Updated: 31st July 2020
At ELSS Group Ltd we take your data privacy very seriously and strive to comply with GDPR General Data Protection Regulation (EU) 2016/679.
What information do we collect about you?
We collect information about you when you request that we contact you by filling out the contact form. The personal data collected when you submit a form to us for processing is Name, Email, Website Address and details of your enquiry.
How will we use the information about you?
The information that we collect about you enables us to make contact with you to discuss our services, manage your account and, if you consent, to email you about other products and services we think may be of interest to you.
We use your information collected from the website to personalise your repeat visits to our website. If you consent, we shall pass on your personal information to our group of companies so that they may offer you their products and services. ELSS Group Ltd will not share your information with companies outside the organisation except where required to mailing list providers as detailed below.
Information provided for marketing purposes will be retained and regular consent will be sought to continue providing you with this service. You have the right to unsubscribe and have your data deleted at any time as defined at the end of this policy.
The data you provide will be transmitted via SSL encryption (Secure Sockets Layer) which is the standard security technology for establishing an encrypted link between a web server and a browser. This link ensures that all data passed between the web server and browsers remain private and integral. SSL is an industry standard and is used by millions of websites in the protection of their online transactions with their customers.
The information is stored on a secure server in an ISO27001 compliant data centre in the EU. This server has regular vulnerability scans run and action is taken if any updates are found needing to be done.

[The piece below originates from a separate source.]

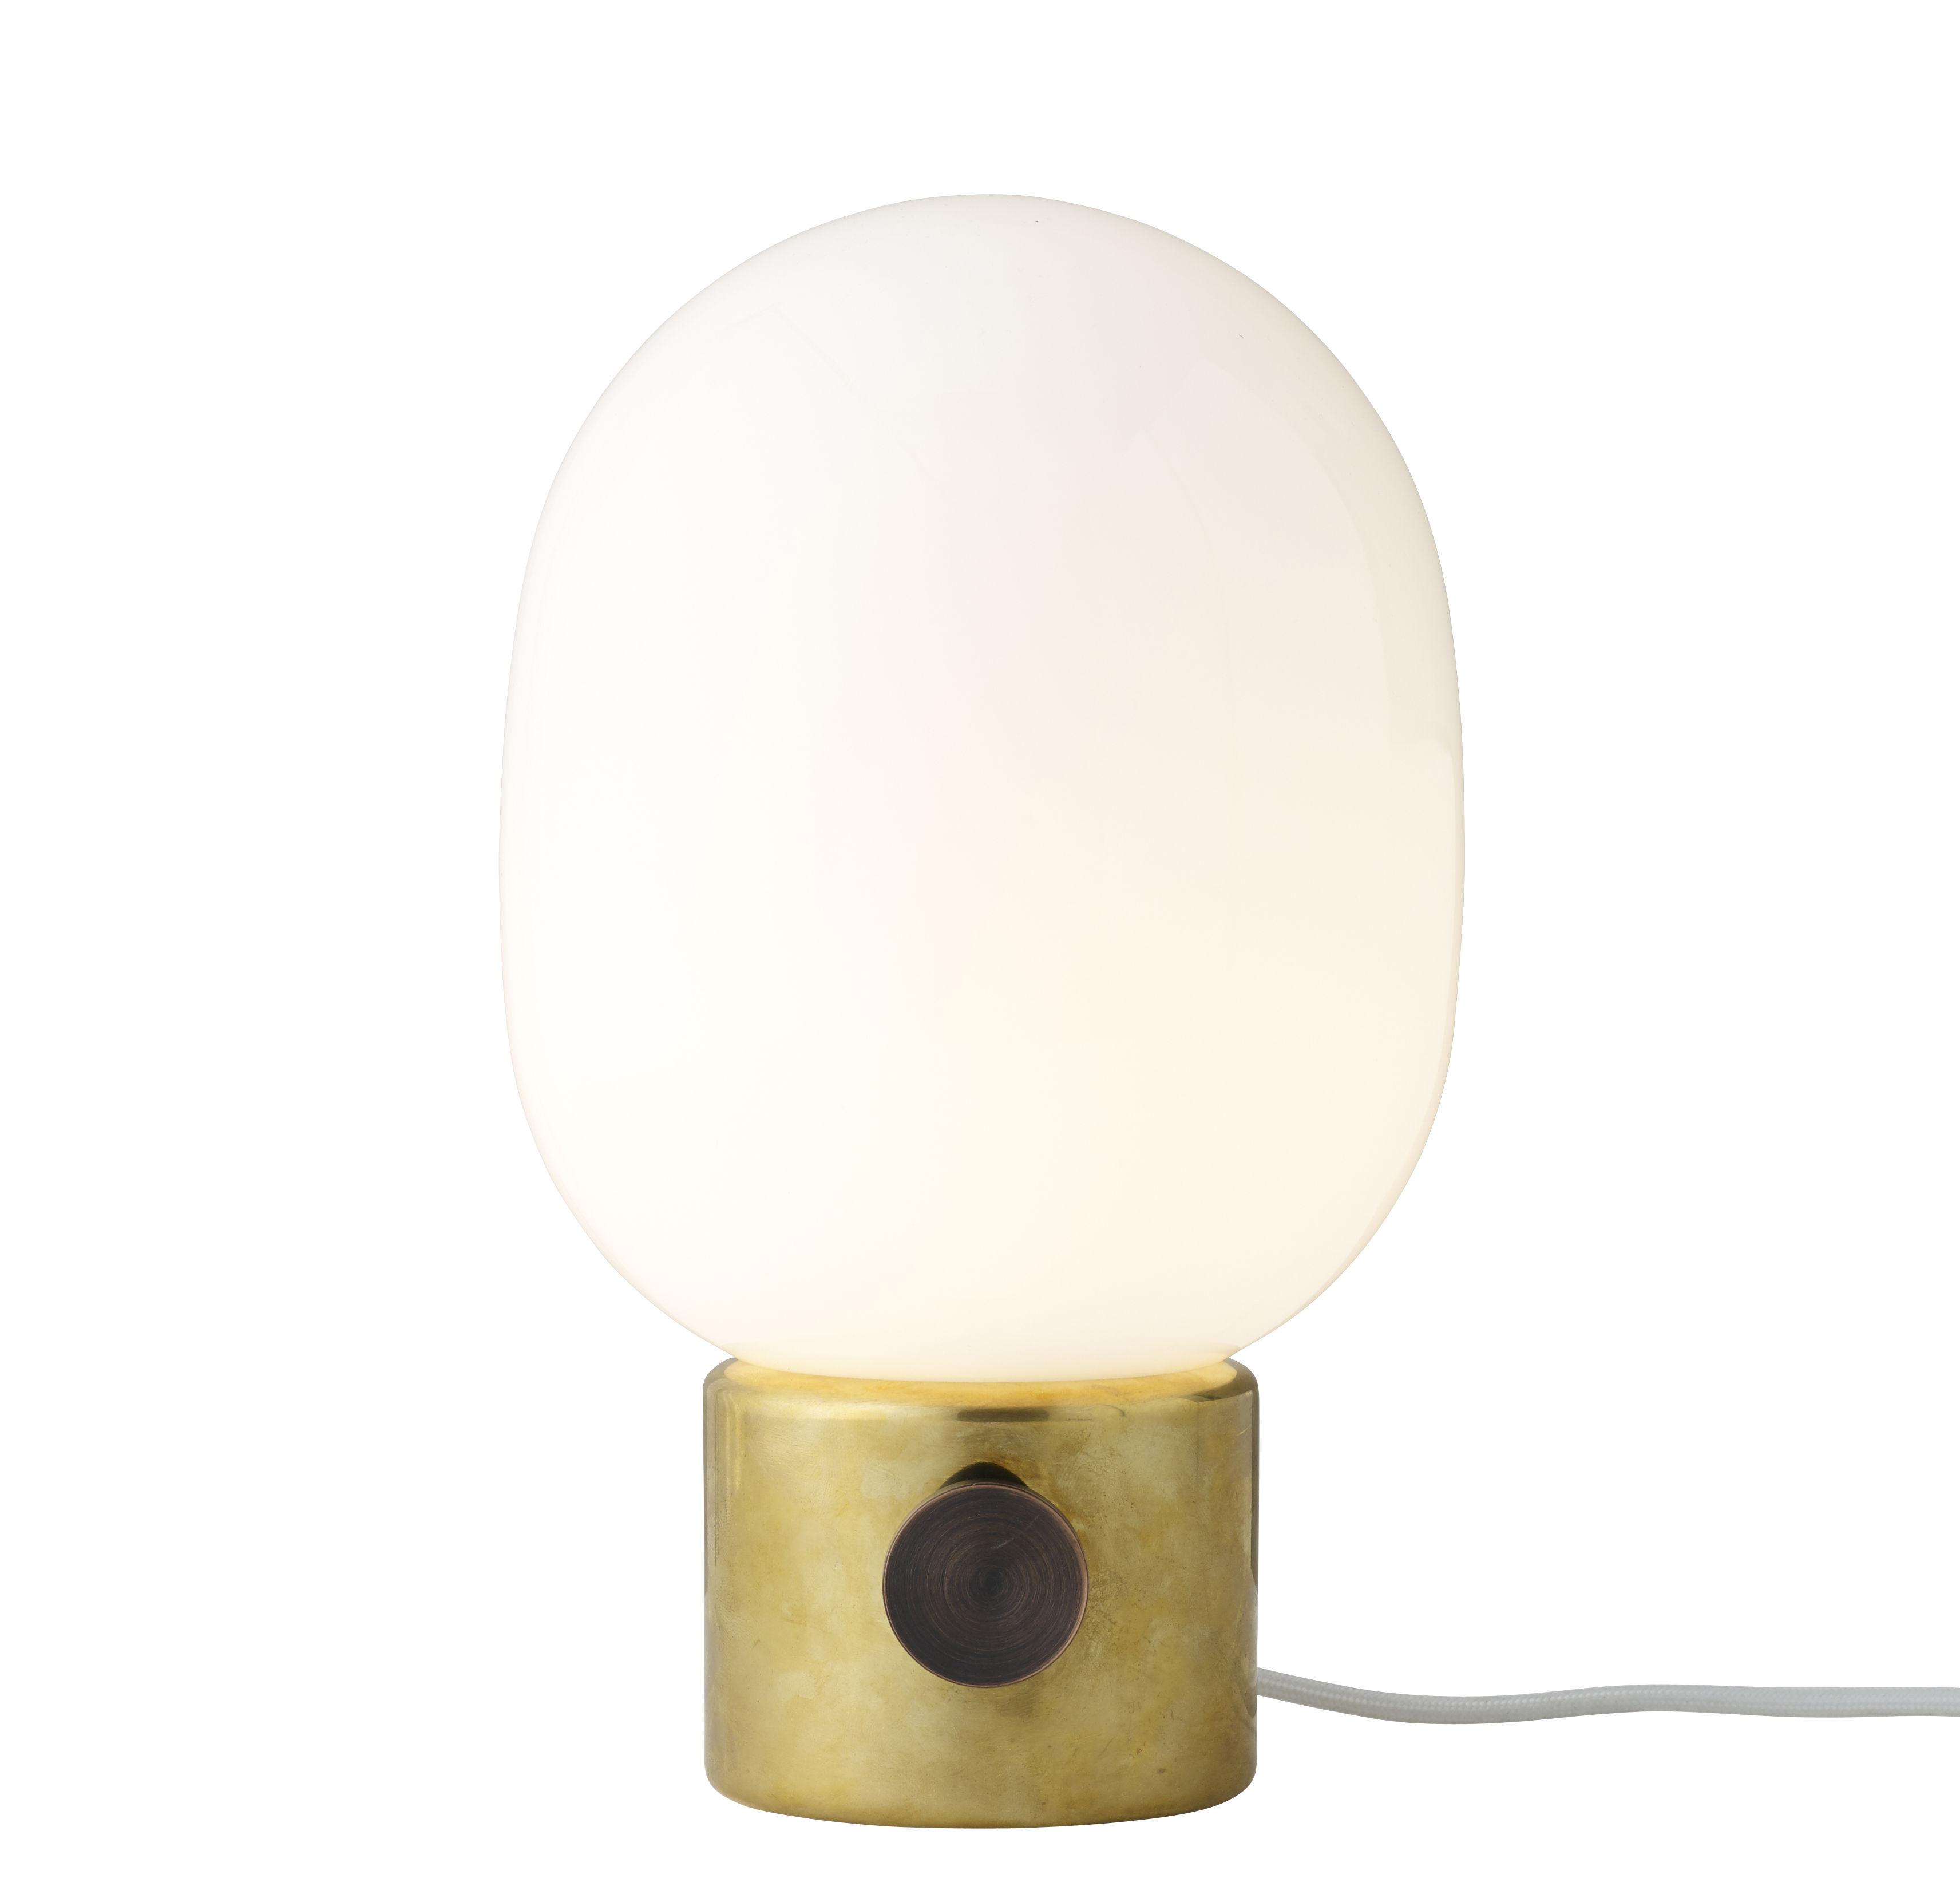 Lighting - Table Lamps - JWDA Table lamp - Metal by Menu - Mirror polished brass / Black - Brass, Glass

Our hosting partner themselves are GDPR compliant – you can view their terms HERE.
We have implemented robust security tools to protect our website from potential threats such as malware attacks, DDoS attacks, hacking, etc…
Under General Data Protection Regulation (EU) 2016/679 if the personal data that you store about you has been compromised in any form we will report the breach to the DPC (Data Protection Officer) within 72 hours. We have procedures in place to detect, report and investigate a personal data breach and will comply with these and review them on a regular basis. If a data breach is likely to bring harm to you the ‘individual’ (such as identity theft or breach of confidentiality) you will also be notified.
We operate an email mailing list program, used to inform subscribers about products, services and/or news we supply/publish. Users can subscribe through an online automated process where they have given their explicit permission. Subscriber personal details are collected, processed, managed and stored in accordance with the regulations named in ‘The policy’ above. Subscribers can unsubscribe at any time through an automated online service, or if not available, other means as detailed in the footer of sent marketing messages (or unsubscribe from all Mailchimp lists for example). The type and content of marketing messages subscribers receive, and if it may contain third party content, is clearly outlined at the point of subscription.
Email marketing messages may contain tracking beacons / tracked clickable links or similar server technologies in order to track subscriber activity within email marketing messages.
Where used, such marketing messages may record a range of subscriber data relating to engagement, geographic, demographics and already stored subscriber data.
Our EMS (email marketing service) and other providers including their privacy policies are listed below:
Facebook pixel: https://www.facebook.com/business/gdpr
Consenting to receiving our mailouts requires us to send email addresses and names to these providers which can be based outside of the EU.
We would like to send you information about products and services of ours and other companies in our group which may be of interest to you. If you have consented to receive marketing, you may opt out at any time. You have a right at any time to stop us from contacting you for marketing purposes or giving your information to other members of the Retail Group.
If you no longer wish to be contacted for marketing purposes, please email us at email@example.com to have your data deleted.
Access to your information and correction
You have the right to request a copy of the information that we hold about you. If you would like a copy of some or all of your personal information, please email us at firstname.lastname@example.org or write to us at our registered address above. We reserve the right to charge a ‘reasonable fee’ when a request is manifestly unfounded or excessive, particularly if it is repetitive.
We also reserve the right to charge a reasonable fee to comply with requests for further copies of the same information. This does not mean that we are able to charge for all subsequent access requests.
The fee will be based on the administrative cost of providing the information.
We want to make sure that your personal information is accurate and up to date. You may ask us to correct or remove information you think is inaccurate.
Cookies are text files placed on your computer to collect standard internet log information and visitor behaviour information. This information is used to track visitor use of the website and to compile statistical reports on website activity.
For further information visit www.aboutcookies.org or www.allaboutcookies.org.
You can set your browser not to accept cookies and the above websites tell you how to remove cookies from your browser. However in a few cases some of our website features may not function as a result.
• by email to email@example.com
• Unit 3, Windyhill Retail Park, 16 Windyhill Road, Limavady, BT49 0RA, N.Ireland
If you feel that your personal data has been misused you have the right to lodge a complaint with a supervisory authority, in the UK this is the Information Commissioner’s Officer. In the Republic of Ireland this is the Data Protection Commissioner.